### Exercise material
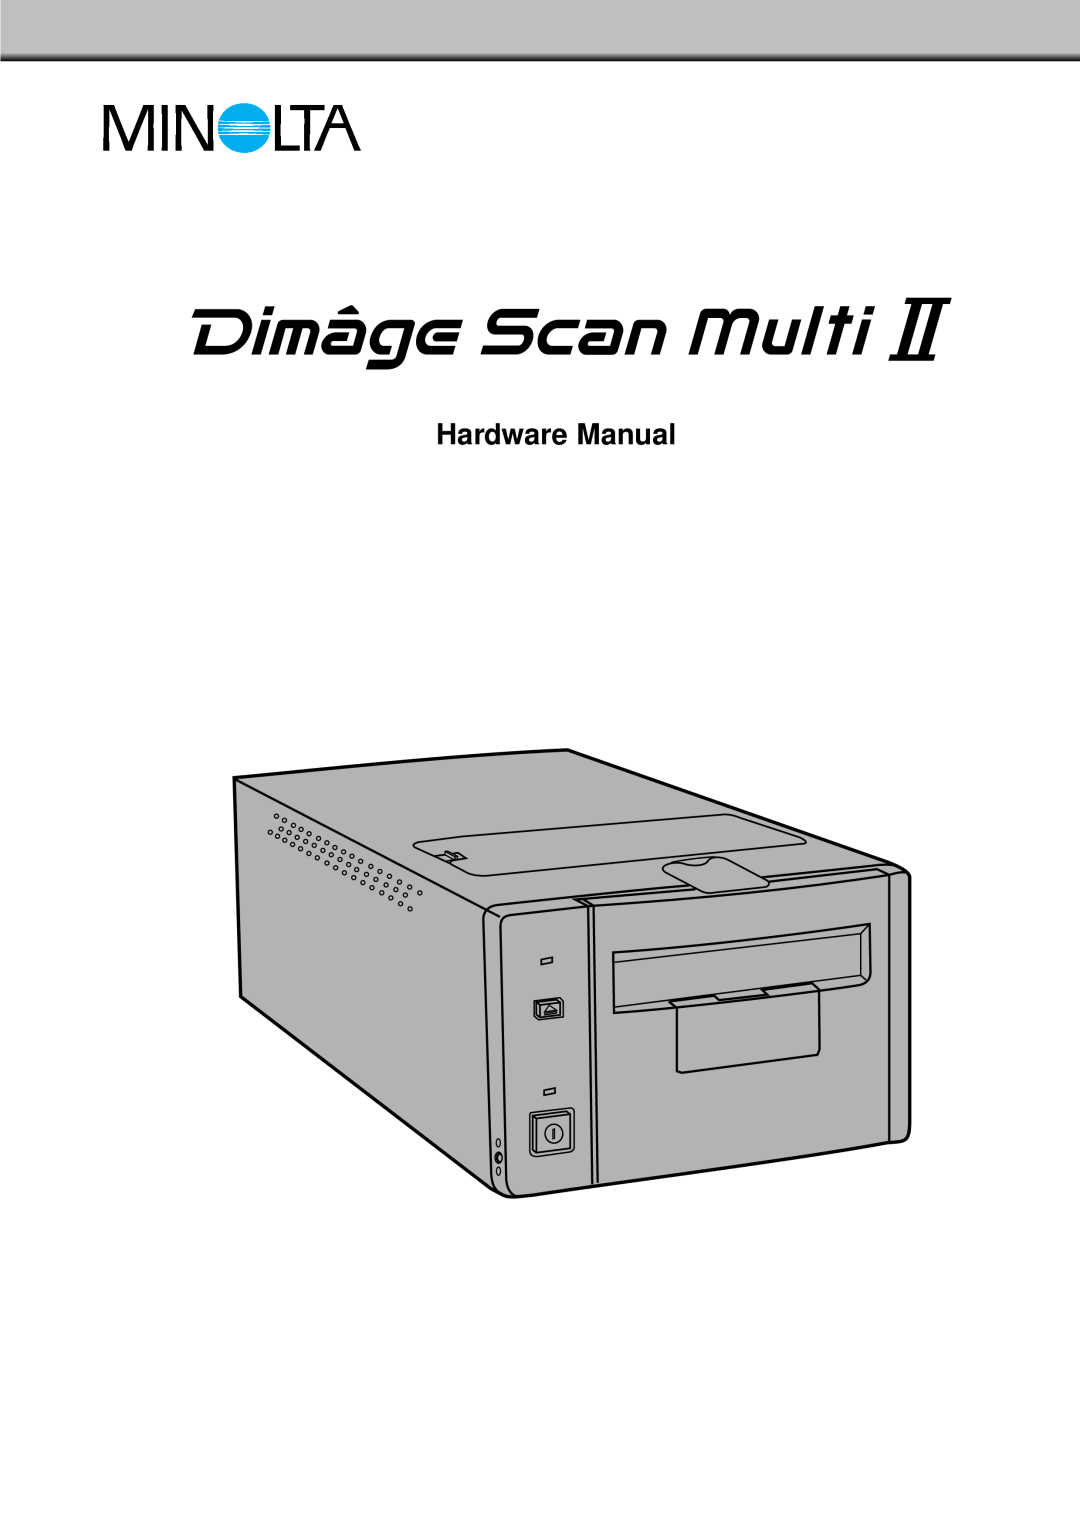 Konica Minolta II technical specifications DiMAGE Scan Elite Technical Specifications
==
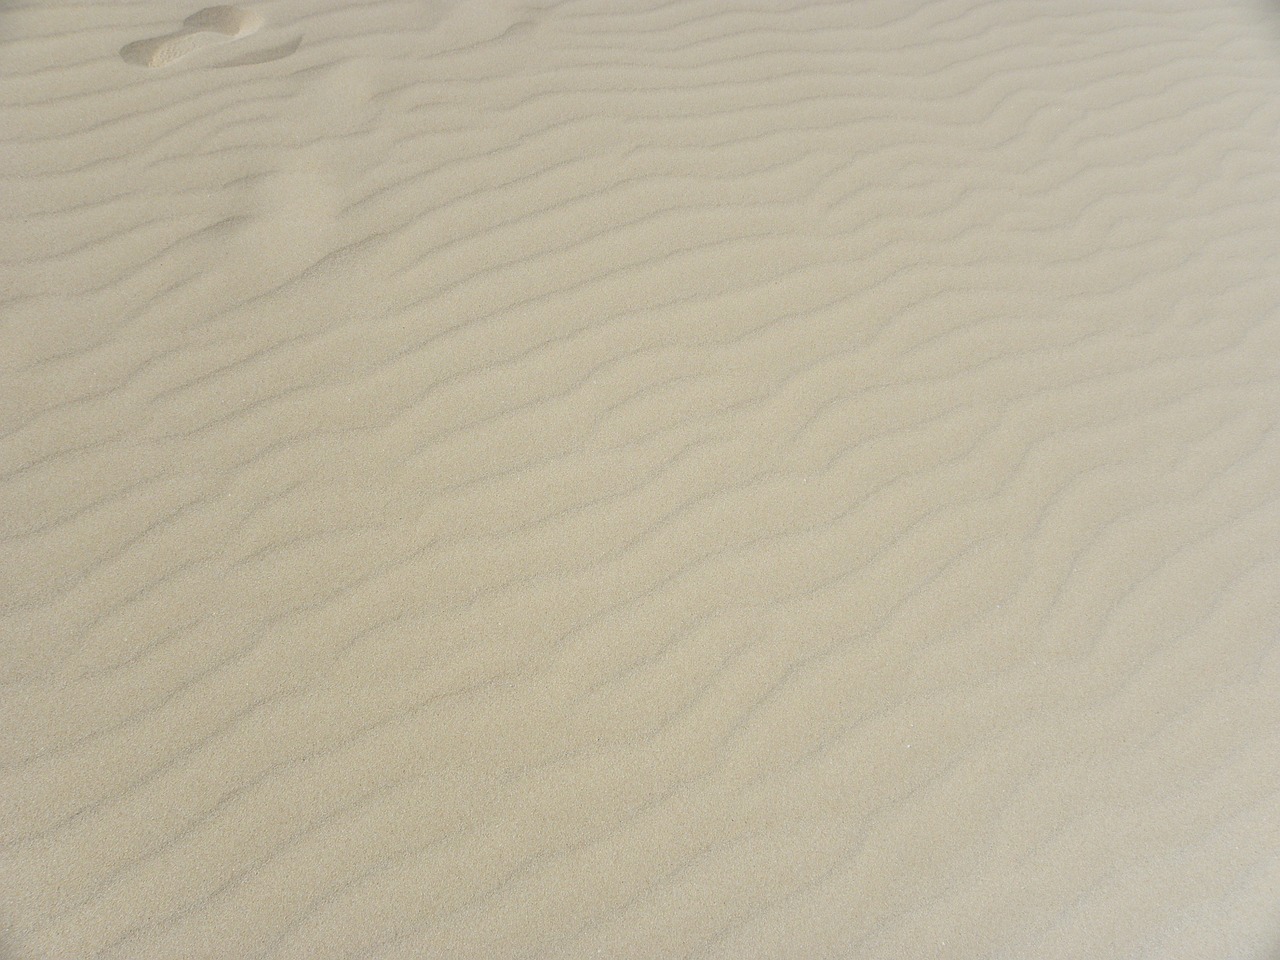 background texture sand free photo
...
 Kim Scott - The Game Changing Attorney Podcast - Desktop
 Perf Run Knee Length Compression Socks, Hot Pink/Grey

### About this exercise
Within the material above, transcribe exactly the lines that run from the line holding "Kim Scott - The" through the line holding "Perf Run Knee".

### Output of the task
 Kim Scott - The Game Changing Attorney Podcast - Desktop
 Perf Run Knee Length Compression Socks, Hot Pink/Grey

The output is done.